なお、読み込む対象とした3D都市モデルは昨年度と同様にLOD1の地形モデル、土地利用モデル、建築物モデル、道路モデル、都市計画決定情報モデル(用途地域)とした。

MODの開発は、「Cities: Skylines」を販売するParadox Interactive社が運営するWikiサイト「Cities: Skylines Wiki」の開発者向けページで指定された仕様に従い、C#でソースコードを記述した。また、3D都市モデルのデータ補完に使用した鉄道の情報については国土地理院ベクトルタイルを参照し、Mapboxのライブラリであるvector-tile-csを使用して連携した。

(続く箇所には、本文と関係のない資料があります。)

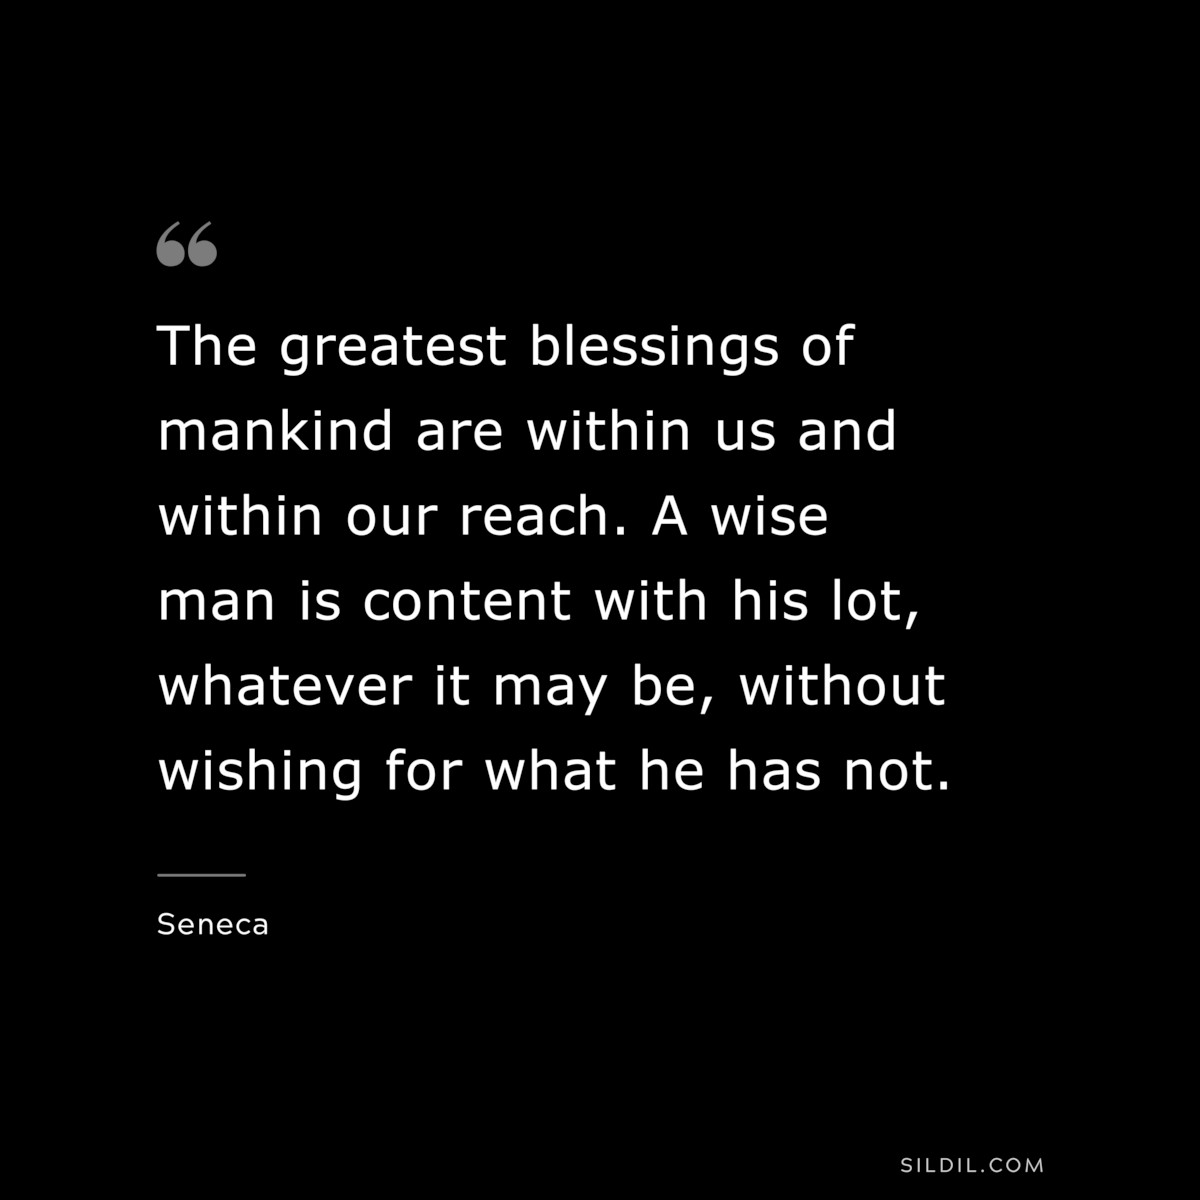 The greatest blessings of mankind are within us and within our reach. A wise man is content with his lot, whatever it may be, without wishing for what he has not. ― Seneca

オープンデータである3D都市モデルとパッケージタイプのゲームに、今回改良したMODを加えることで、昨年度より直感的に操作可能で、自治体職員にとって導入しやすい安価かつ簡便なゲーミフィケーションツールを構築した。

ワークショップに使用した鉾田市のゲームデータ

ゲーミフィケーションの手法を用いたまちづくりの効果検証を行うため、上記のように改良した「Cities: Skylines」のMODを用いてまちづくりの検討プロセスを体験できるワークショップを行った。具体的には、市役所の行政職員と地元の高校生に加えて、商工会や社会福祉協議会の職員等、まちづくりに関わる幅広い層の参加者を対象に、市民参加型まちづくりの促進やまちづくり検討における有用性を検証した。

グループワークの様子①
グループワークの様子②

検証で得られたデータ・結果・課題

ワークショップはグループワークとし、参加者の所属団体(高校、商工会、社会福祉協議会)に偏りが生じないようにグループを構成した。あらかじめ今年度開発したMODを組み込んだ「Cities: Skylines」をインストールし、ワークショップの開催地である茨城県鉾田市の新鉾田駅周辺を再現したPCを1台ずつ配布した。「駅周辺ににぎわいを生むためには」をテーマに、参加者はゲーム上に再現された鉾田市のまちに対して、実際に施設や道路等を配置しながらディスカッションし、グループごとにその結果の発表を行った。
各グループからは、駅周辺の施設の立地状況や周辺施設へのアクセスに課題があるといった意見が多く出され、それに対して、世代を超えた憩いの場となる商業機能・公園の設置や高校までの動線計画のほか、電車の待ち時間に利用できる図書館計画等、周辺施設との関係を考慮した、具体的なまちの将来像が発表された。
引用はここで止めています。